• **WHAT THIS TASK INVOLVES**
Starting from the line with "Burleigh Fine Bead", please copy exactly every line to the end of the listing, but not the pictures.

• **DATA EXTRACT**

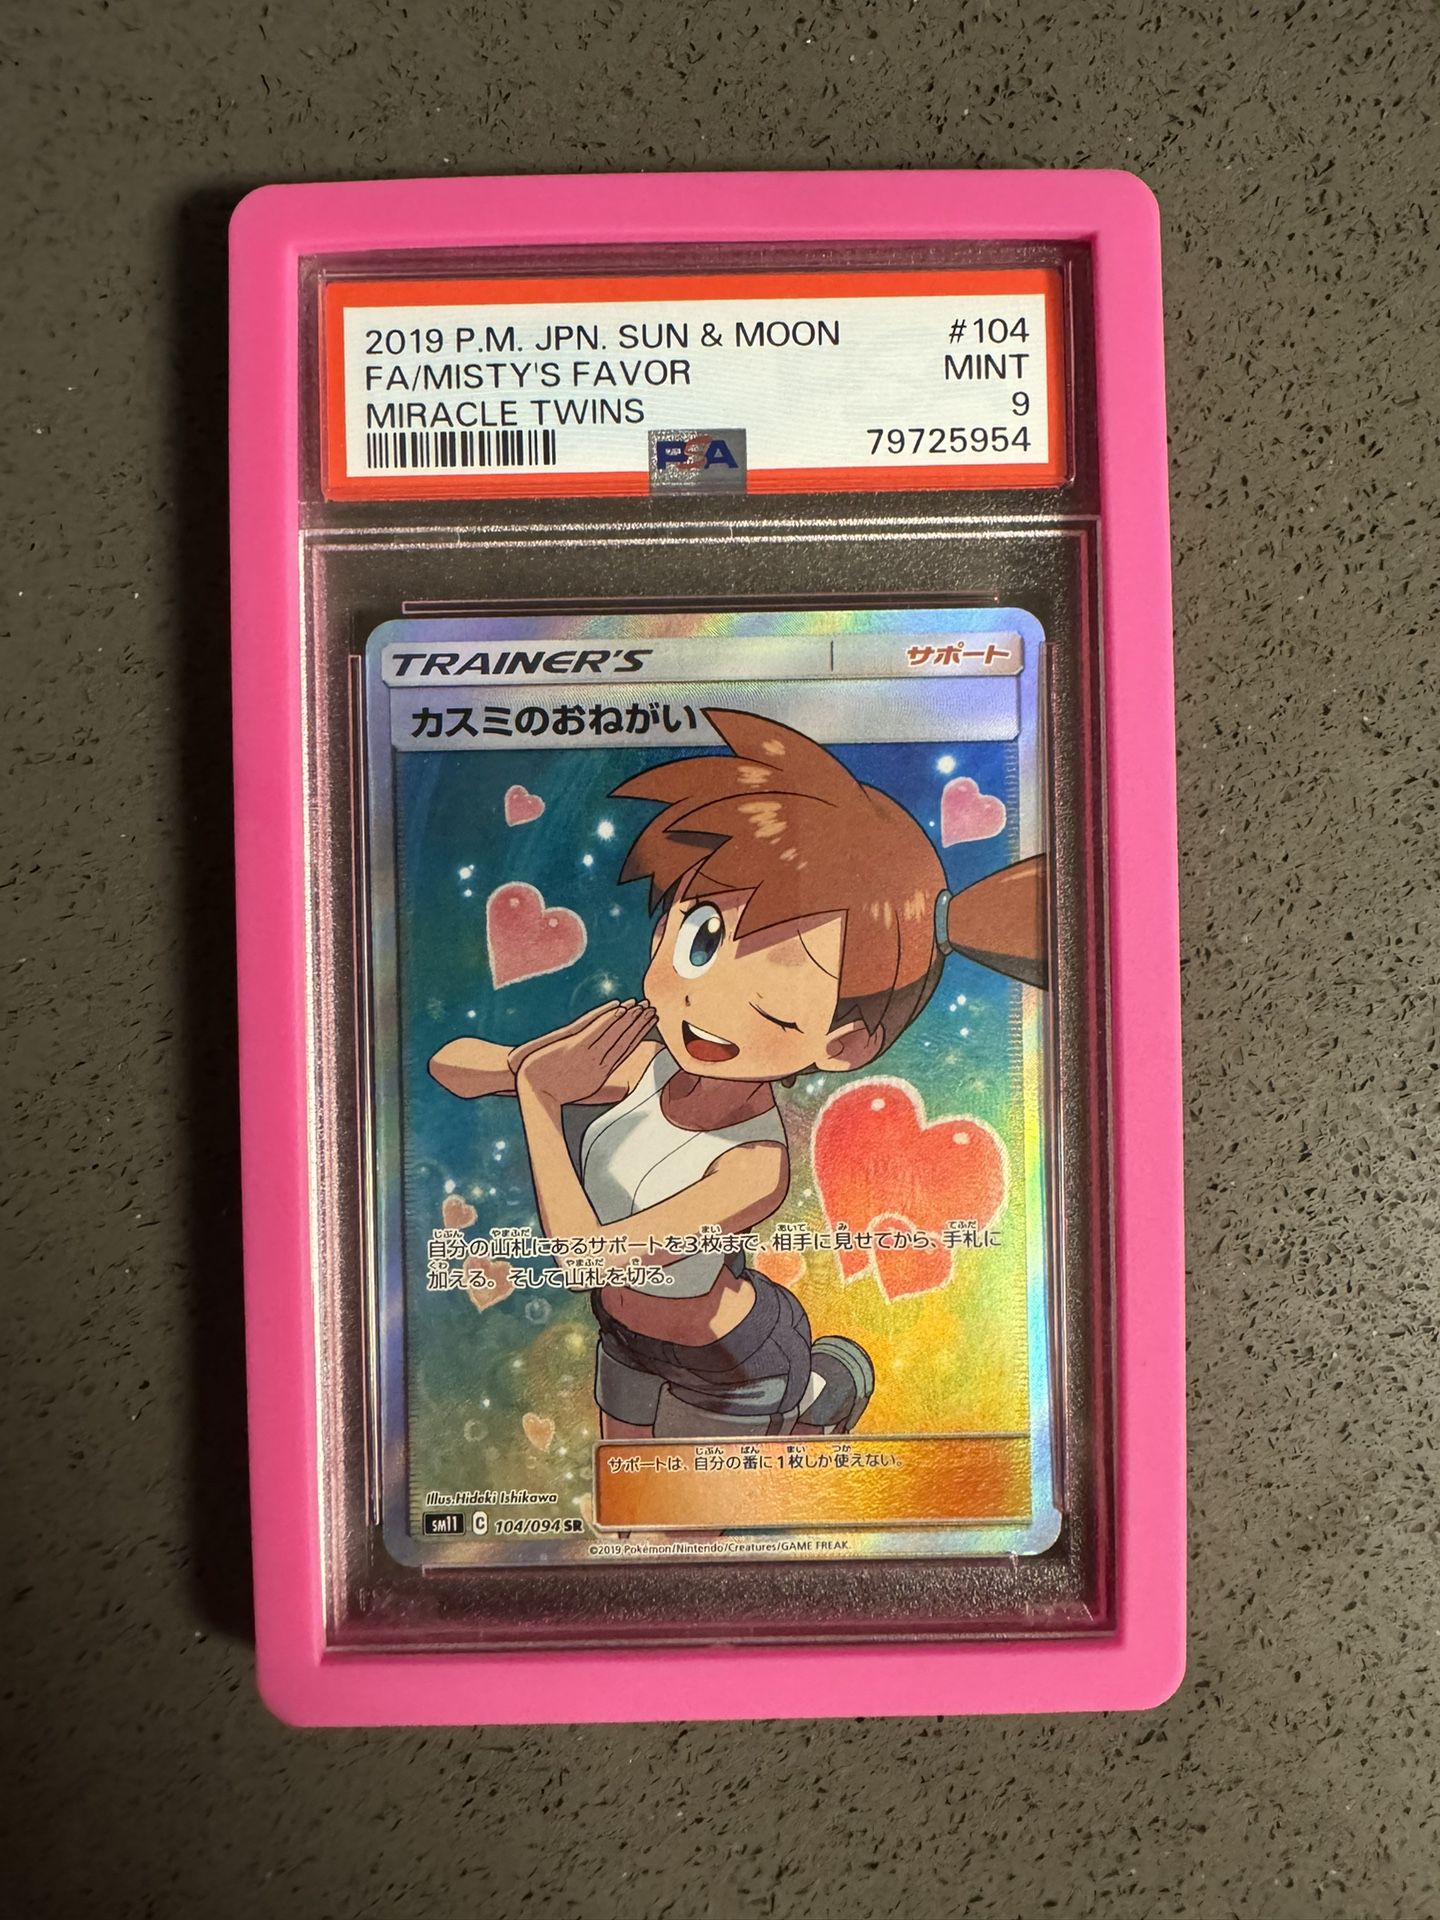 Misty’s Favor PSA 9 Japanese Miracle Twin
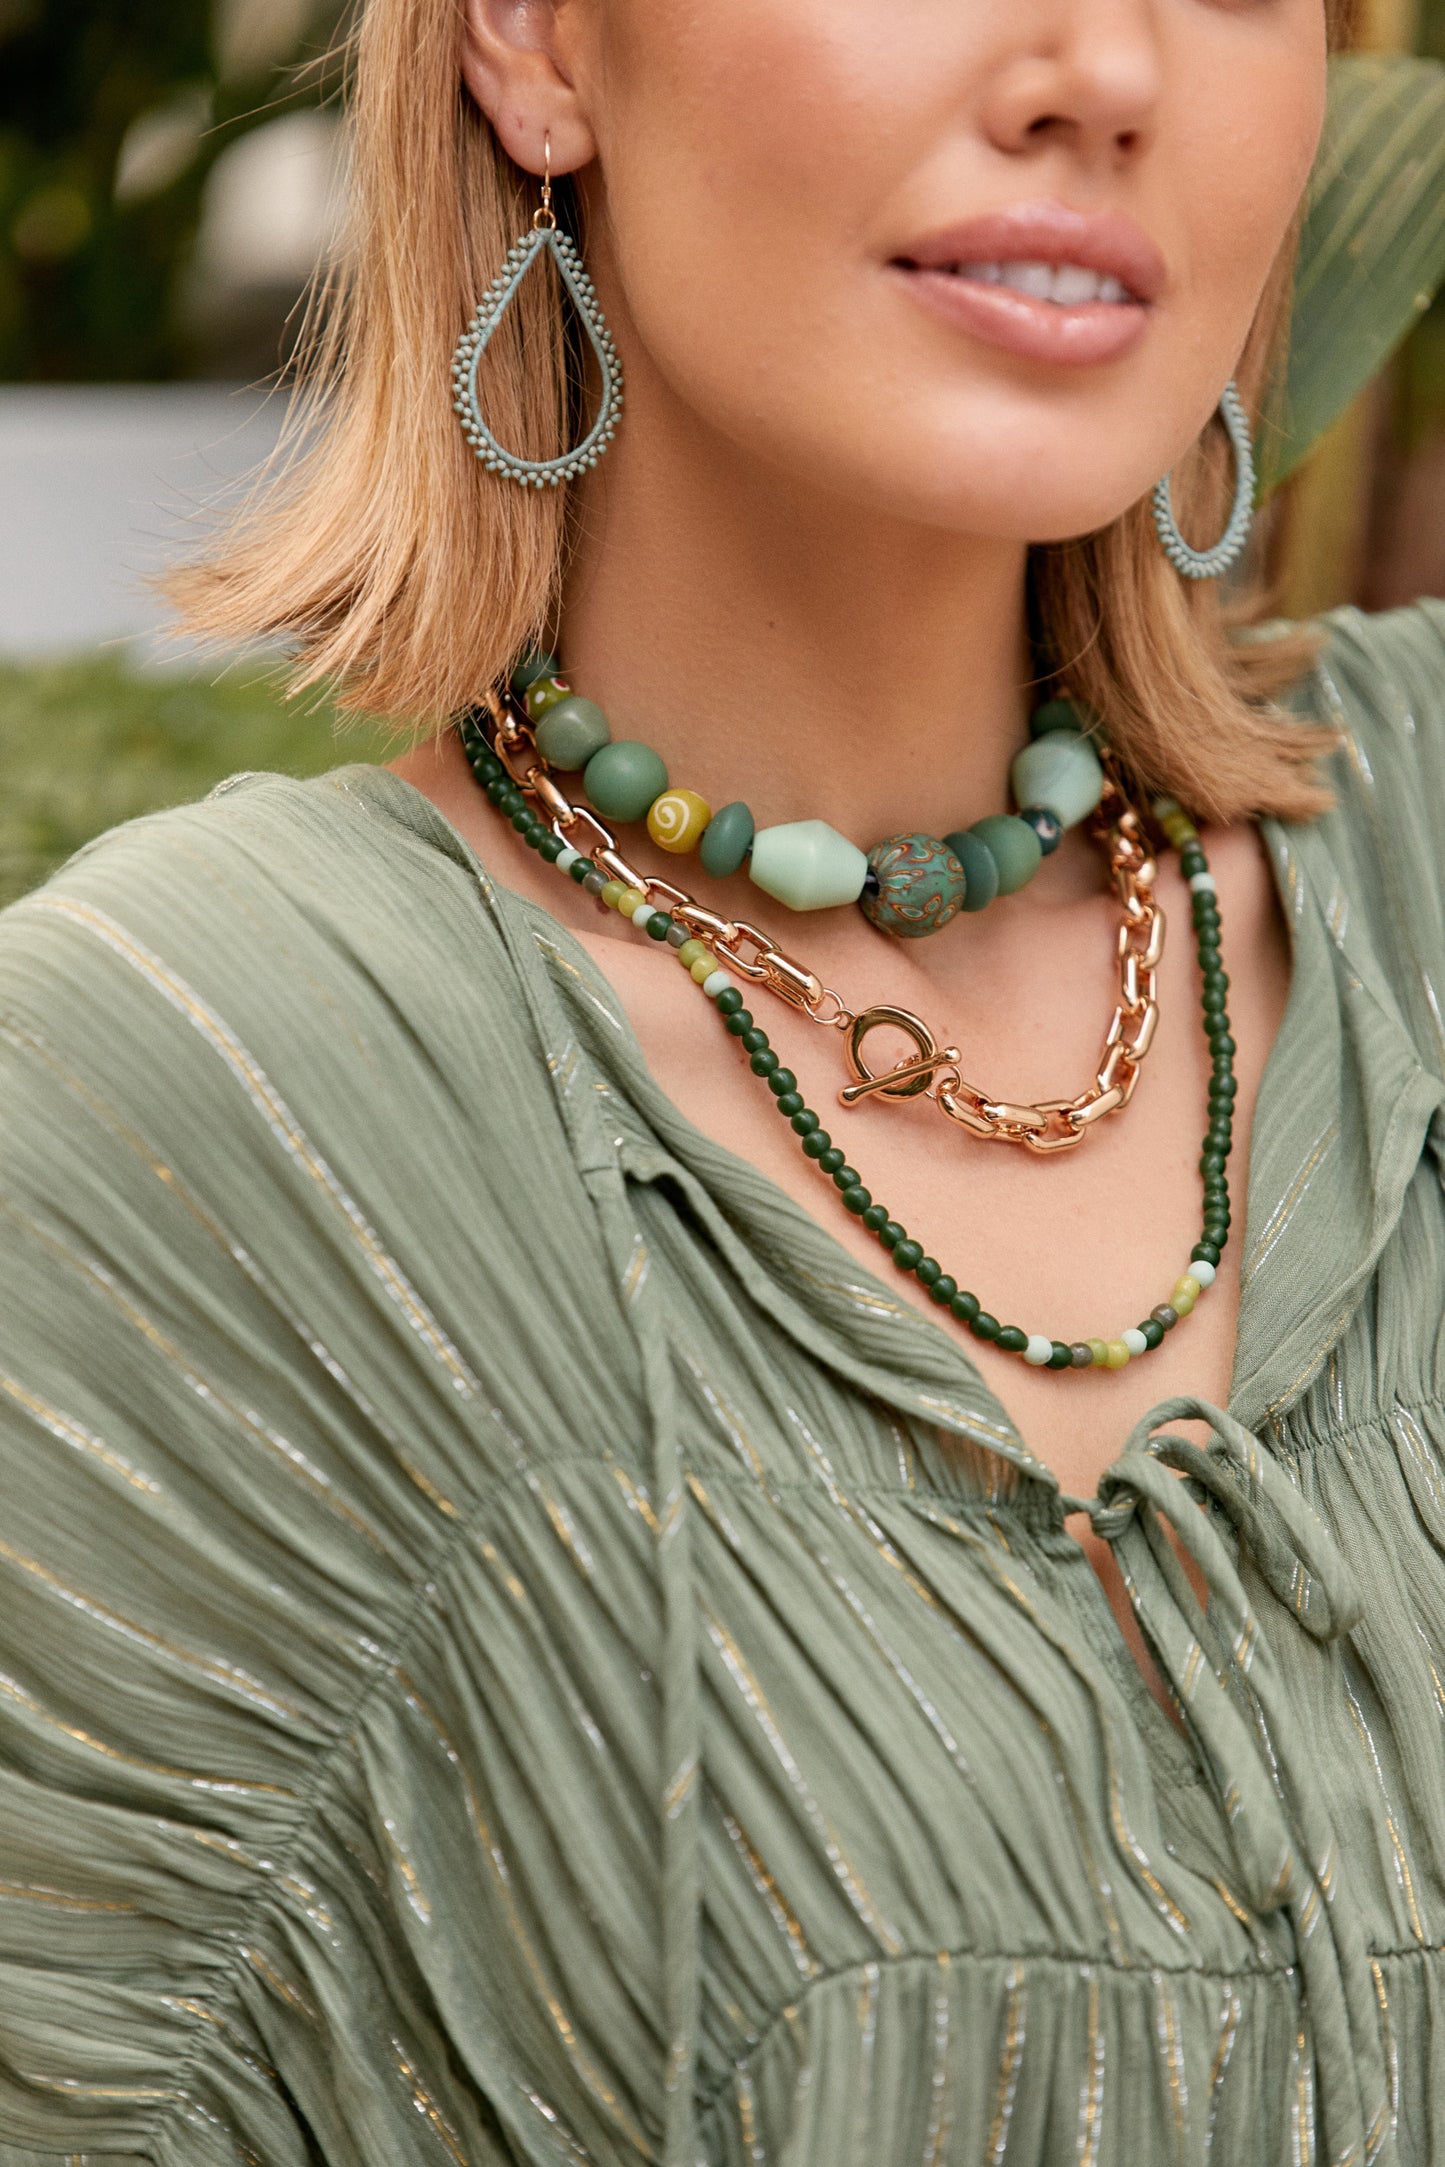 Burleigh Fine Bead Layering Necklace in Green Multi and Tan Multi
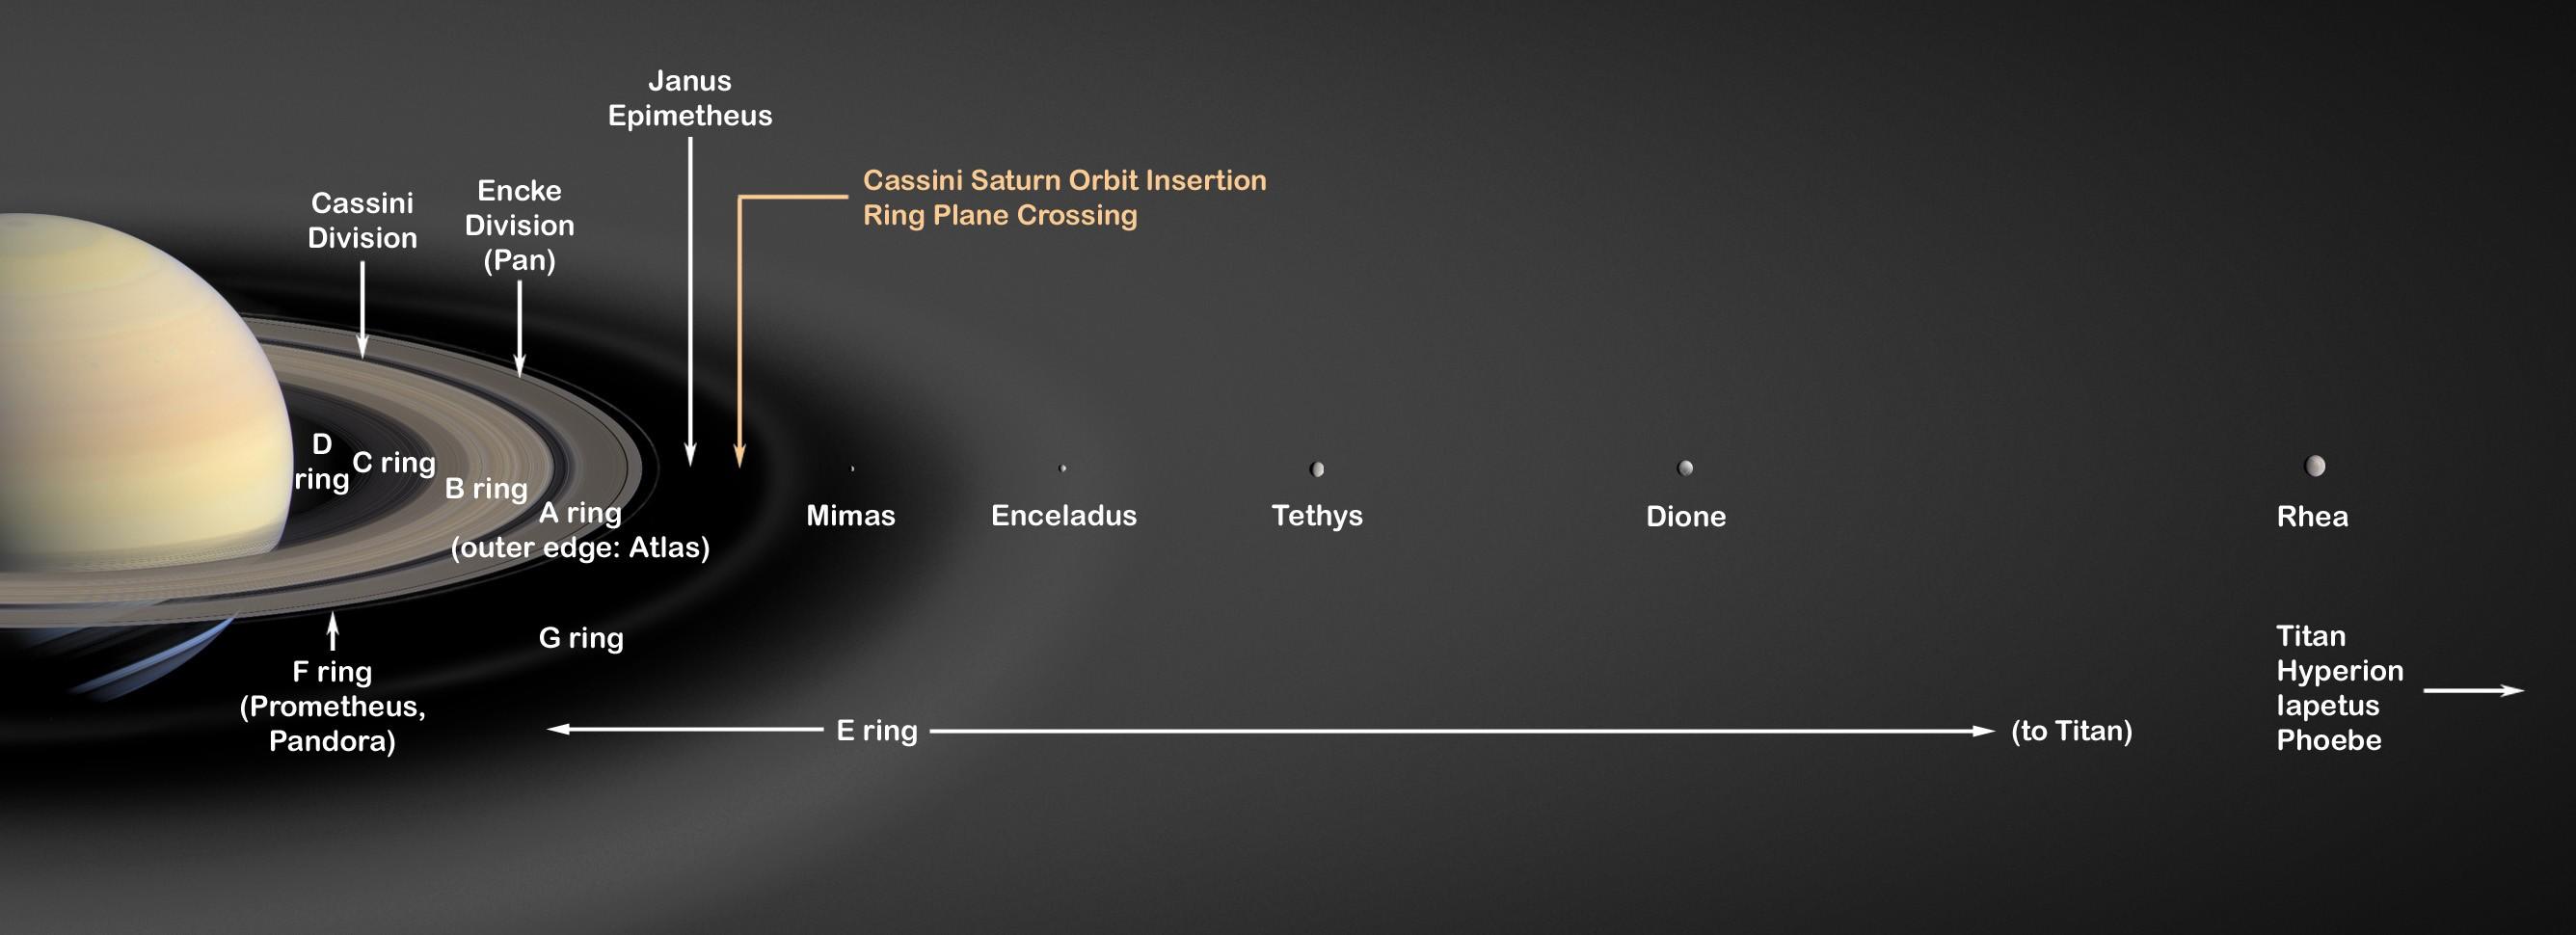 Saturn's rings an optical illusion?

• **EXPECTED OUTPUT**
 Burleigh Fine Bead Layering Necklace in Green Multi and Tan Multi
 Saturn's rings an optical illusion?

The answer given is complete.